Drei von diesen vier Aussagen darf sie nicht mehr machen. Sie ist sogar vom Landgericht Karlsruhe dazu verpflichtet worden, zwei davon schriftlich zu widerrufen: Nämlich, dass die Kommentierung von Tröndle im jetzigen Kommentar weiterlebt. Und dass Fischer nichts verändert habe. Für den Fall, dass Fischer ein Schaden entstanden ist oder noch entsteht, muss sie den ersetzen.

Das Landgericht Karlsruhe begründet seine Entscheidung vor allem damit, dass die Journalistin falsche Dinge behauptet habe. Es wertet den Satz „die Kommentierung zum Schwangerschaftsabbruch lebt weiter!“ zum Beispiel als eine Tatsachenbehauptung, nicht als Meinungsäußerung. Das sei so zu verstehen, dass entweder Tröndle noch Teile verfasst habe oder Grundgedanken bzw. wesentliche Positionen des vehementen Abtreibungsgegners noch in dem Buch vertreten würden. Auch dass das Benutzen des Kommentars – Zitat: „schlecht für die Rechtsprechung“ sei, würde auf Tatsachenbehauptung beruhen. Ein wichtiger Knackpunkt für das ganze Verfahren. Denn entscheidend für solche Prozesse ist die Einordnung: Geht es um eine Tatsache, die bewiesen werden oder auch widerlegt werden könnte, muss das Gericht verurteilen, falls die Tatsache falsch ist. Wird dagegen eine Meinung geäußert, kann der Gegner nicht verlangen, dass sie unterlassen oder widerrufen wird. Das Landgericht nimmt hier überwiegend Tatsachenbehauptungen an. Nur der Vorwurf der Journalistin, Fischers Kommentar enthalte grobe handwerkliche Schlamperei, den lässt das Landgericht Karlsruhe durchgehen. Das sei eine Meinungsäußerung.

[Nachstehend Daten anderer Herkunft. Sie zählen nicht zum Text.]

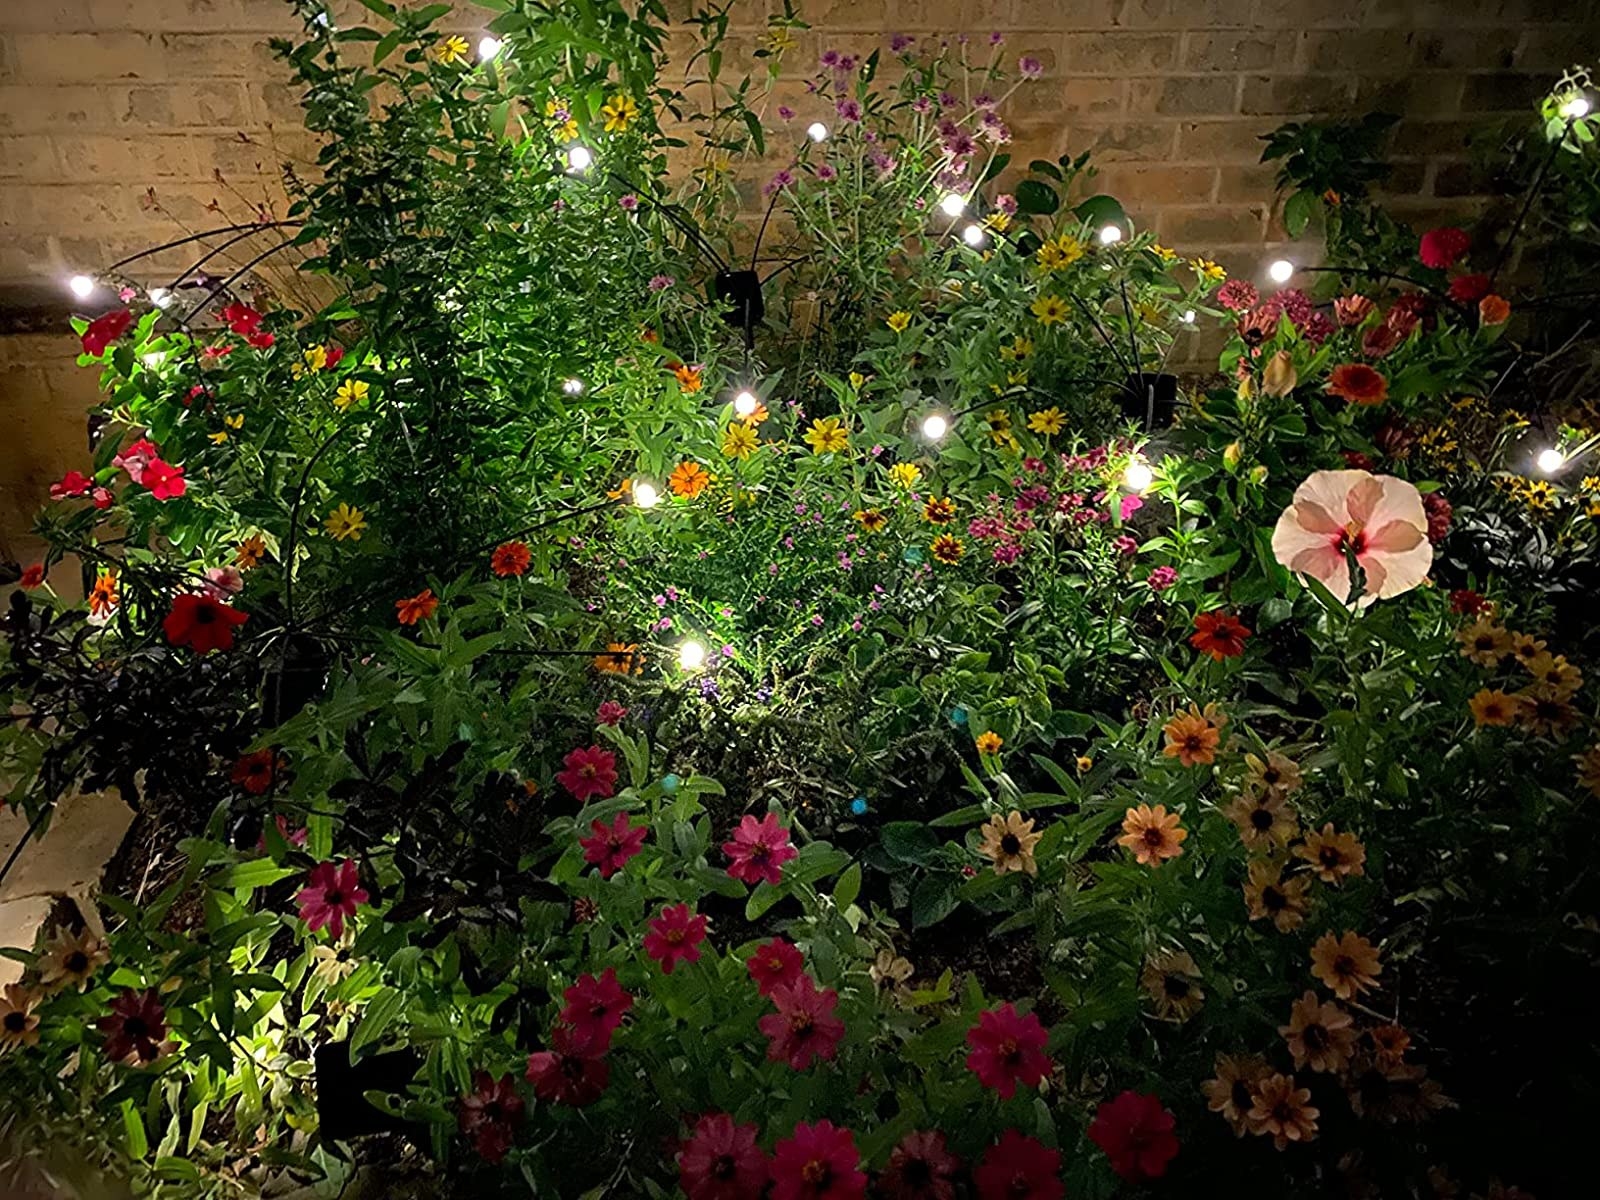 Reviewer photo of the lights in a garden
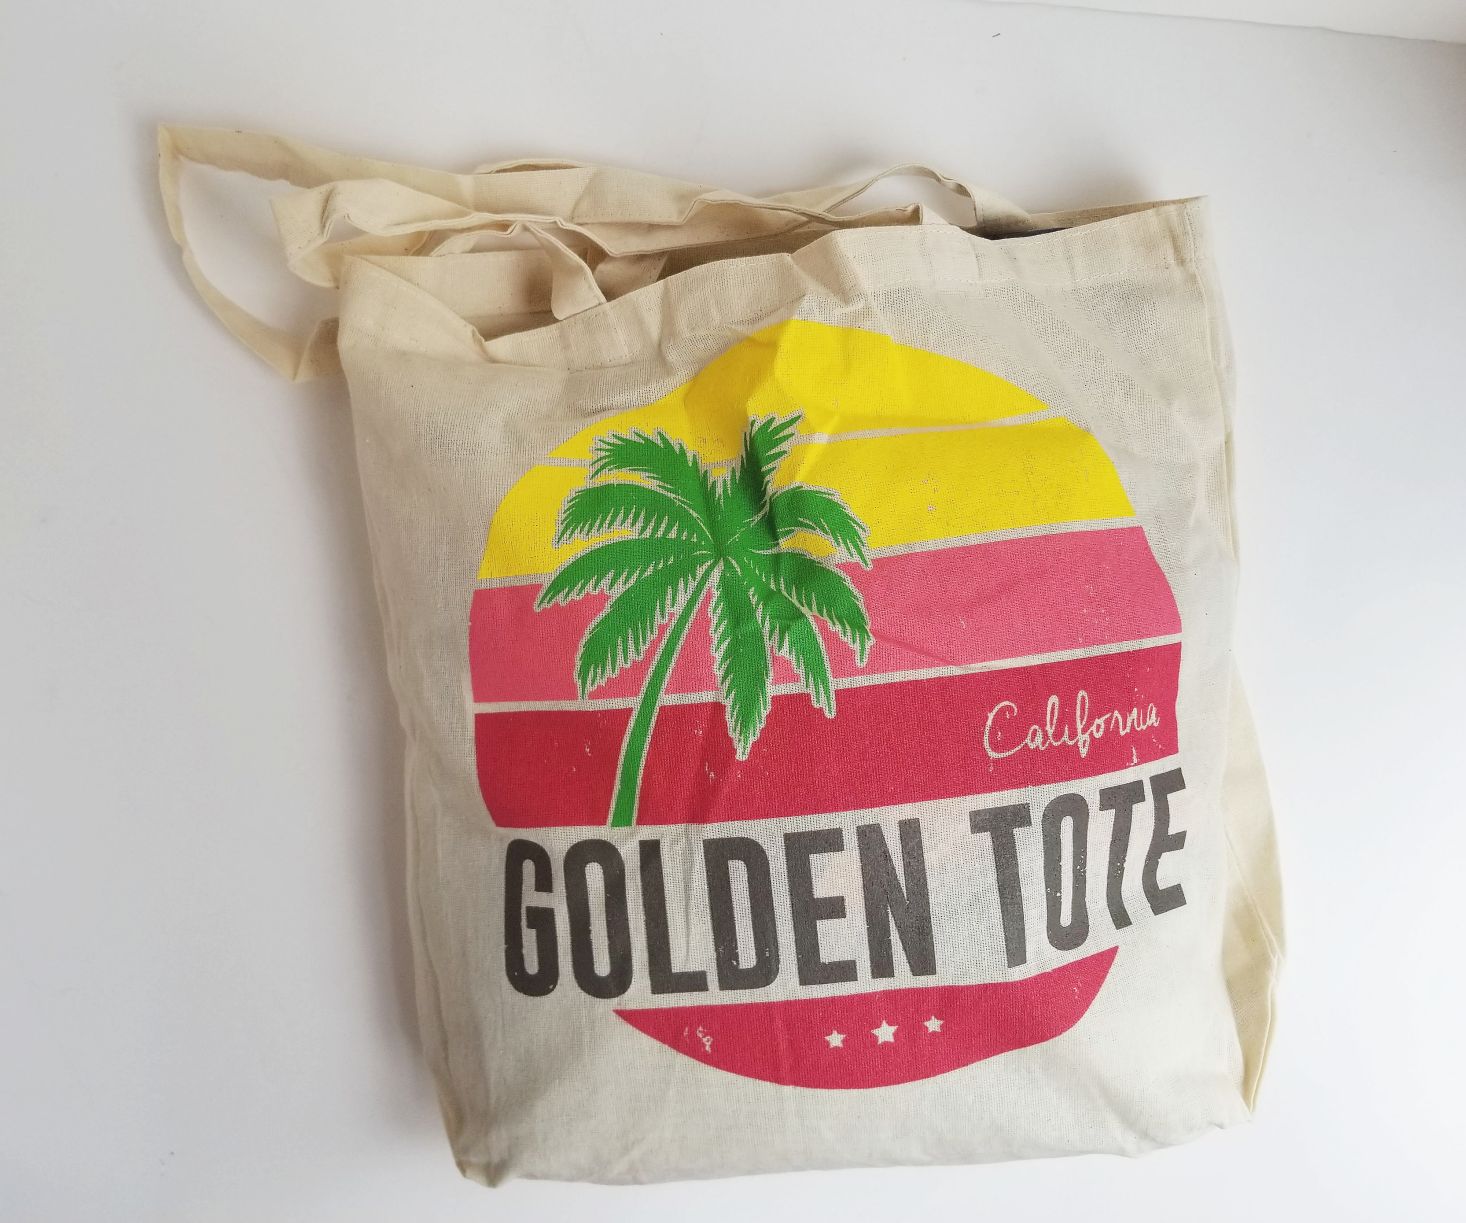 Golden Tote $149 Clothing Tote Review – July 2018

Das Bundesverfassungsgericht ist gerade bei Auseinandersetzungen zu politisch hoch umstrittenen Fragen grundsätzlich großzügig und gibt das den deutschen Gerichten vor.  Auch das Klima der Auseinandersetzung spielt eine Rolle. Fischer greift Mayr in der Onlineplattform Meedia seinerseits heftig an, spricht zum Beispiel von „niveaulosen Denunziationen“ und davon, dass sie „Mist“ unters Volk bringe. Durchaus möglich, dass das nächste Gericht im Instanzenzug hier andere Wertungen trifft. Sehr wahrscheinlich auf jeden Fall, dass der Streit weiter geht.